Query Implementation Example

# Define the search logic
def find_by_role_impl(
    container: Container,
    role: str,
    *,
    name: str | Pattern | None = None,
    level: int | None = None,
) -> list[Element]:
    elements = get_all_elements(container)
    return [
        elem for elem in elements
        if matches_role(elem, role, name, level)
    ]

# Generate all four variants
role_queries = make_query_functions(find_elements=find_by_role_impl)

# Export with consistent naming
get_by_role = role_queries.get_by
query_by_role = role_queries.query_by
get_all_by_role = role_queries.get_all
query_all_by_role = role_queries.query_all

Role Mapping System

Role Computation

The role system maps HTML elements to ARIA roles:

def compute_role(element: Element) -> str | None:
    """Compute the implicit or explicit ARIA role of an element."""

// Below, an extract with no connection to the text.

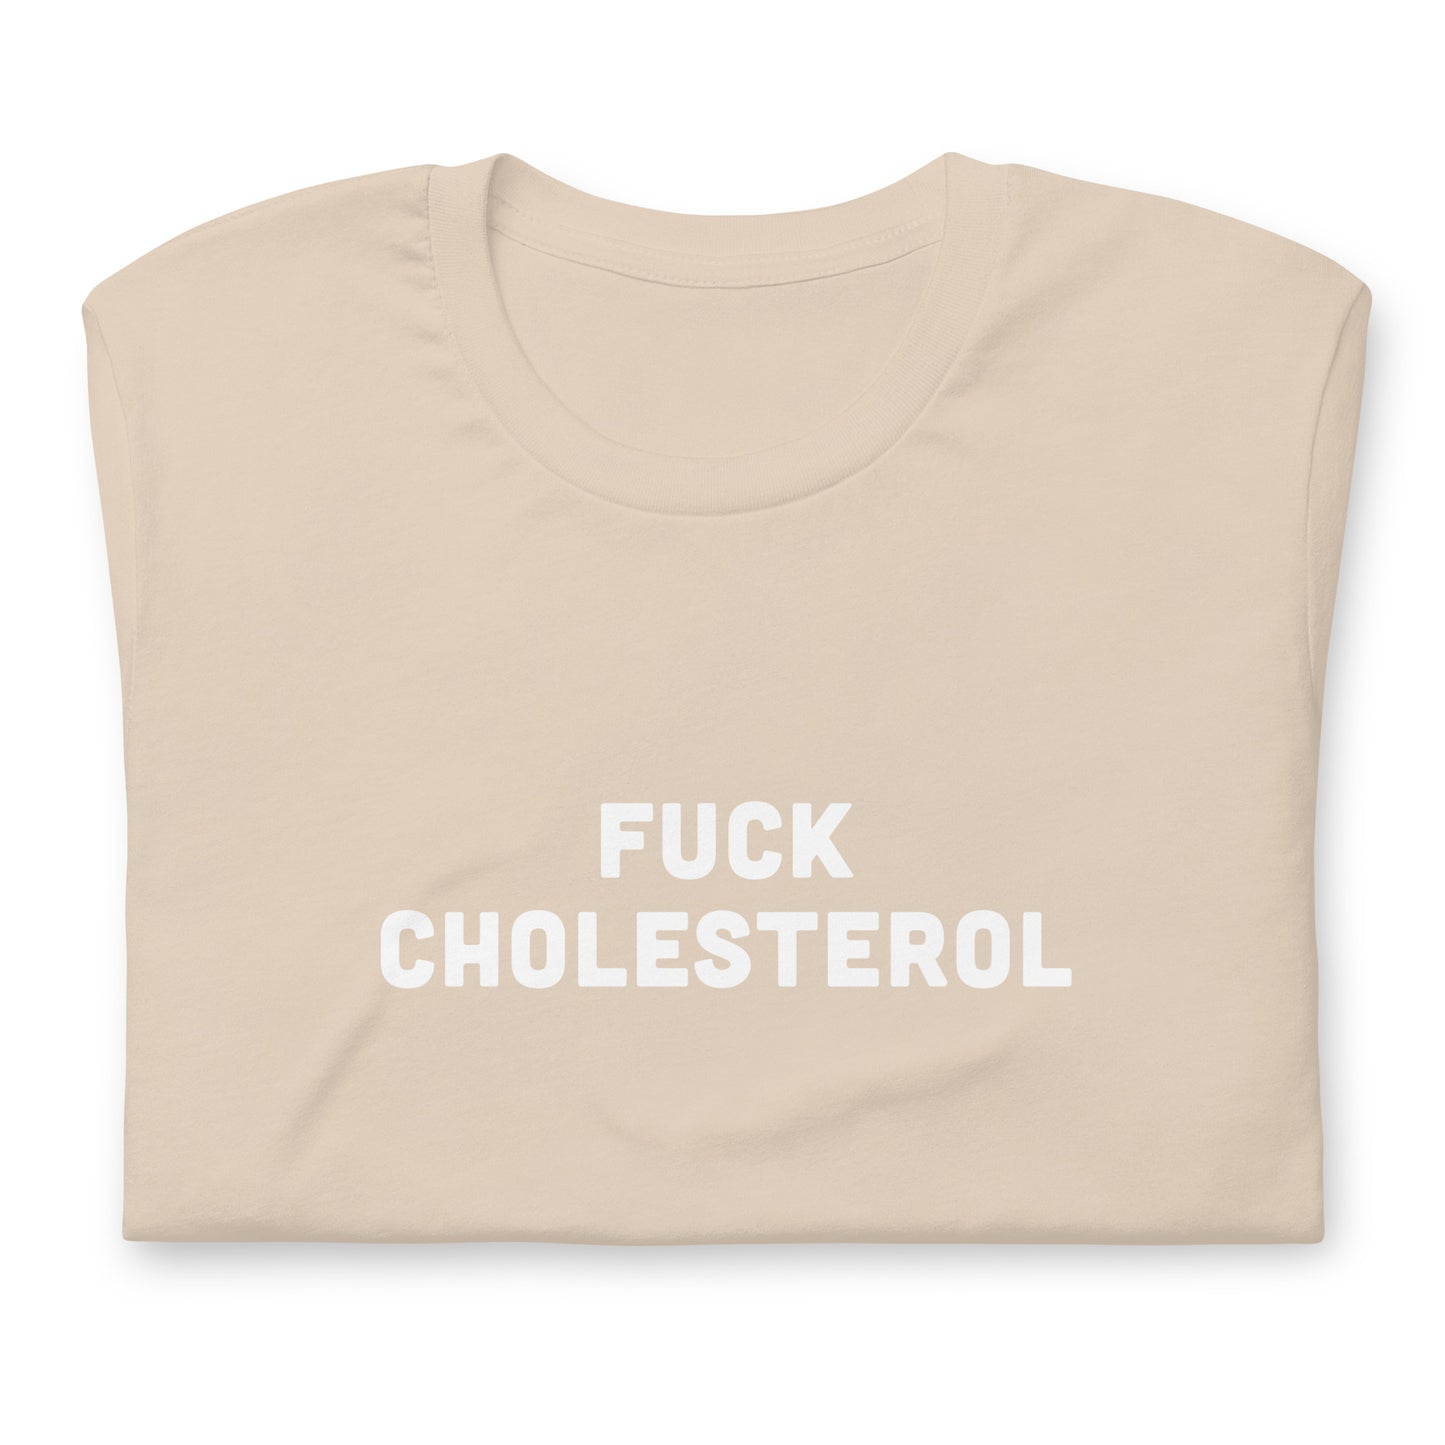 Fuck Cholesterol T-Shirt Size L Color Asphalt

    # Explicit role (aria-role attribute)
    if explicit_role := element.attrs.get("role"):
        return explicit_role

    # Implicit roles based on tag and attributes
    tag = element.tag.lower()

    match tag:
        case "button" | "a" if "href" in element.attrs:
            return tag_to_role[tag]
        case "h1" | "h2" | "h3" | "h4" | "h5" | "h6":
            return "heading"
        case "input":
            return input_type_to_role.get(
                element.attrs.get("type", "text"),
                "textbox"
            )
        case _:
            return tag_to_role.get(tag)

Role Mapping Tables

Efficient role lookups using string interning:

# Landmark roles
TAG_TO_ROLE = {
    "nav": "navigation",
    "main": "main",
    "aside": "complementary",
    "header": "banner",  # context-dependent
    "footer": "contentinfo",  # context-dependent
}

# Input type roles
INPUT_TYPE_TO_ROLE = {
    "button": "button",
    "checkbox": "checkbox",
    "radio": "radio",
    "text": "textbox",
    "email": "textbox",
    "search": "searchbox",
}

Accessible Name Computation

Accessible names come from multiple sources, in priority order:

  1. aria-label attribute

  2. aria-labelledby reference

  3. Associated <label> element (for form inputs)

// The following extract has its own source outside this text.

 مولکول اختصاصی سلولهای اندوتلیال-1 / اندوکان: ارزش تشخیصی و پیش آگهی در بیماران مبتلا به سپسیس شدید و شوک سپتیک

  4. Text content (for links, buttons)

  5. alt attribute (for images)

  6. title attribute (fallback)

def compute_accessible_name(element: Element) -> str:
    """Compute accessible name per ARIA specification."""

    # 1. aria-label
    if label := element.attrs.get("aria-label"):
        return normalize_text(label)

    # 2. aria-labelledby
    if labelledby := element.attrs.get("aria-labelledby"):
        # Look up referenced element(s)
        return compute_referenced_name(labelledby)

    # 3. Label association (for form controls)
    if element.tag == "input":
        if label := find_associated_label(element):
            return get_text_content(label)

    # 4. Text content
    return normalize_text(get_text_content(element))

Heading Level Computation

Special handling for heading elements:

def compute_heading_level(element: Element) -> int | None:
    """Get the heading level (1-6) if element is a heading."""

    match element.tag.lower():
        case "h1": return 1
        case "h2": return 2
        case "h3": return 3
        case "h4": return 4
        case "h5": return 5
        case "h6": return 6
        case _:
            # Check aria-level attribute
            if level := element.attrs.get("aria-level"):
                return int(level)
            return None

Traversal Engine

Iterative Traversal

Non-recursive iterative traversal for performance and stack safety:

def get_all_elements(container: Container) -> list[Element]:
    """Get all elements using iterative traversal."""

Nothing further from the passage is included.